Gurney no dijo nada. Y continuó sin decir nada durante los diecisiete minutos siguientes, que fue lo que tardaron en recorrer el trecho desde el embalse hasta Walnut Crossing, y en subir desde la carretera por el sinuoso camino y el sendero de grava hasta llegar a su estanque, a sus prados, a su granja.
Sentado frente a la casa, en el GTO ronroneante, Gurney era consciente de que tenía que decir algo, y quería que fuera una declaración nada ambigua.
—Jack, tengo la sensación de que vamos por caminos distintos en este proyecto.
Por su gesto, se diría que Hardwick sintió un gusto agrio en la boca.
—¿En qué sentido?
—Tú no paras de empujarme hacia los problemas de investigación viciada, los defectos procesales, etcétera.
—En eso consisten las apelaciones.
—Lo comprendo. Ya llegaré a ese punto. Pero no puedo empezar por ahí.
—Pero si Mick Klemper…
—Ya lo sé, Jack. Si tú puedes demostrar que el investigador jefe del caso dejó de lado una línea de investigación porque…
—Porque se estaba follando a una posible sospechosa, podríamos conseguir que la condena fuera revocada ya solo con eso. ¡Bingo! ¿Qué tiene de malo?
—Nada. El problema es cómo se supone que voy a llegar desde aquí hasta allí.

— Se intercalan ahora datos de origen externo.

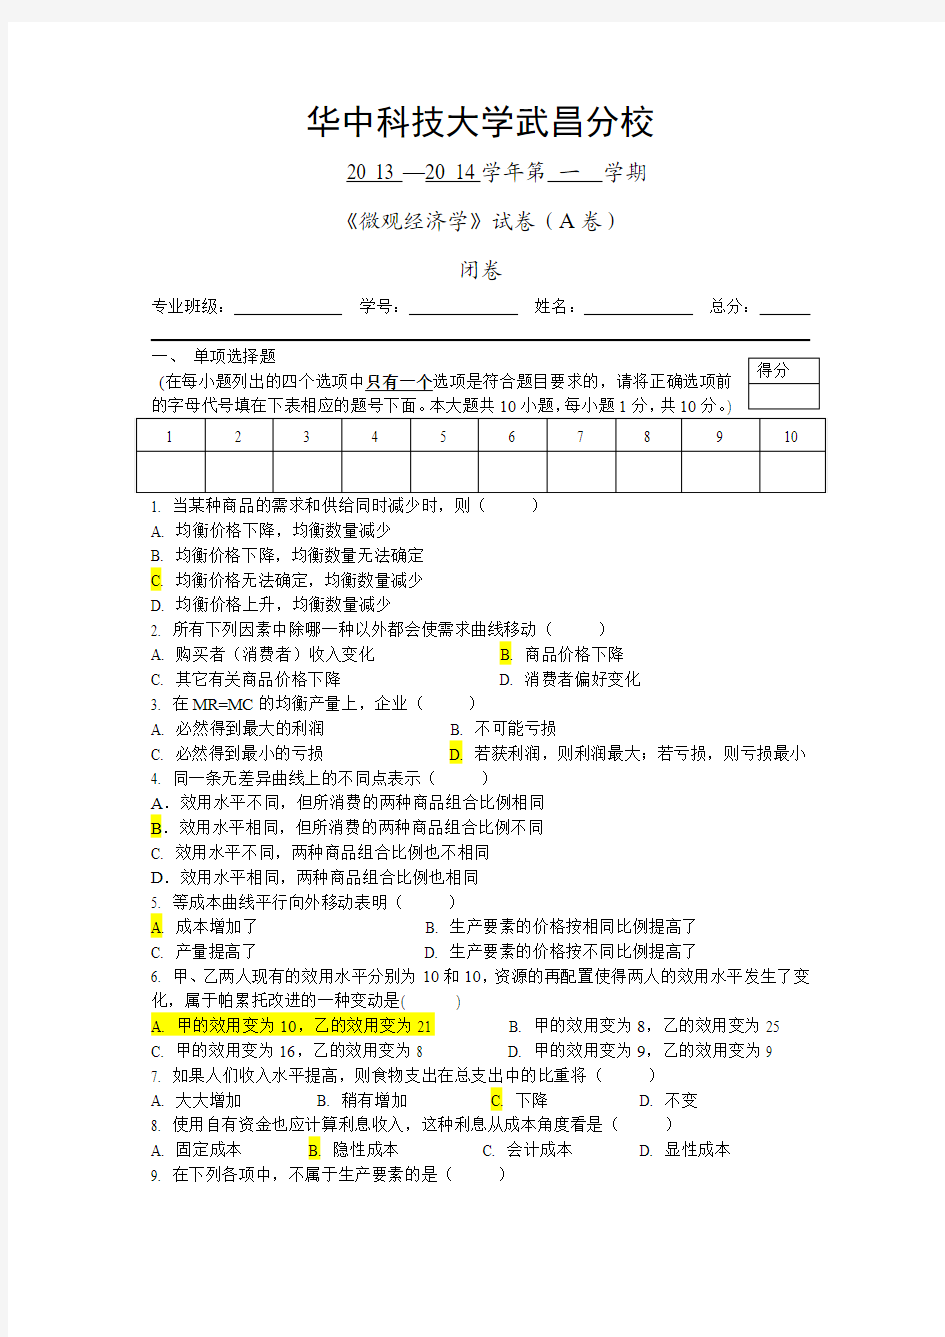 华中科技大学2013-2014微观经济学A卷试题 (1)

—Un primer paso inteligente sería mantener una charla con la despampanante Alyssa, hacerse una idea de con quién nos las vemos, de los puntos de presión que podrían ayudarnos a ponerla de nuestro lado, de los ángulos que…

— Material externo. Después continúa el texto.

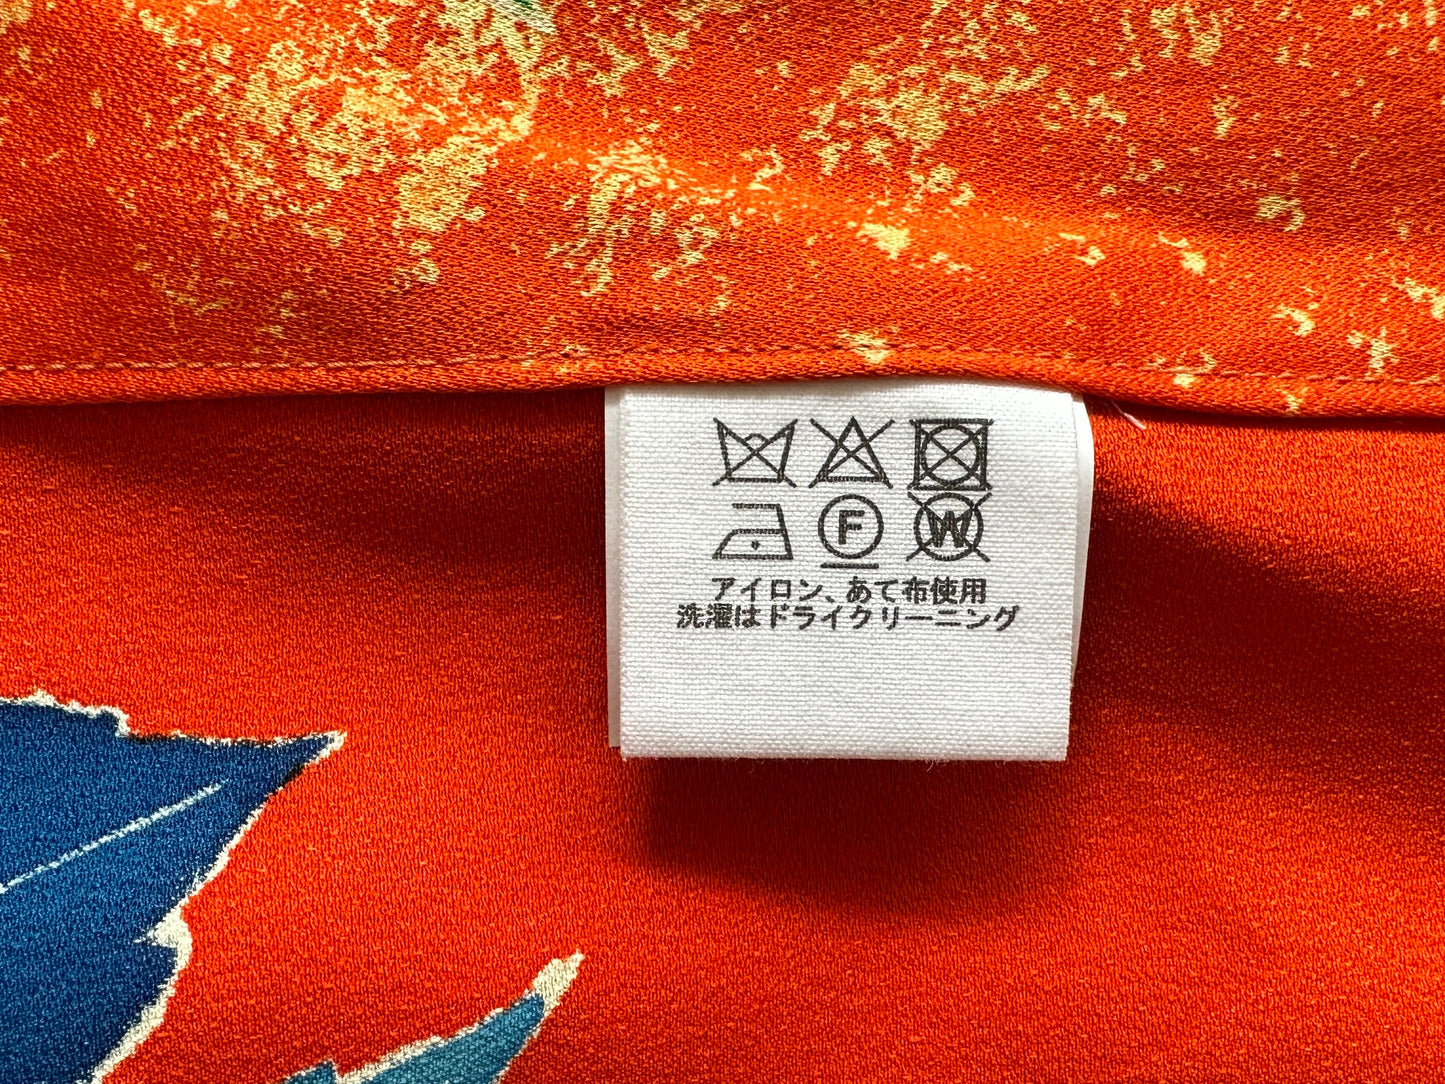 【Levendig oranje, pioen】 Happi jas ＜ Uitstekend ・ zijde ＞ voor mannen, voor vrouwen, Japanse kimono, Japan unisexese kleding, unisex, Japanse geschenken, originele ontwerpen

—¿Lo ves? A eso me refiero exactamente cuando digo que vamos por caminos distintos.
—¿De qué coño estás hablando?
—Para mí, esa charla podría ser un paso inteligente en décimo o undécimo lugar. No en primer lugar.
—¡Joder! Estás exagerando un poquito, ¿no?
Gurney echó un vistazo por la ventanilla del coche. Sobre la cumbre, más allá del estanque, un halcón volaba lentamente en círculos.
—Aparte de lograr que Kay Spalter pueda estampar su firma al pie del testamento, ¿qué se supone que voy a aportar yo a esta historia?
—Ya te lo he dicho.
—Vuelve a decírmelo.
—Tú formas parte del equipo estratégico. De la potencia de fuego. De la solución definitiva.
—¿Simplemente?
—¿Qué tiene de malo?
—Si quieres que colabore, has de dejar que sea a mi manera.
—¿Quién cojones eres tú…, el puto Frank Sinatra?
—No te puedo ayudar si pretendes que dé el décimo paso antes que el primero.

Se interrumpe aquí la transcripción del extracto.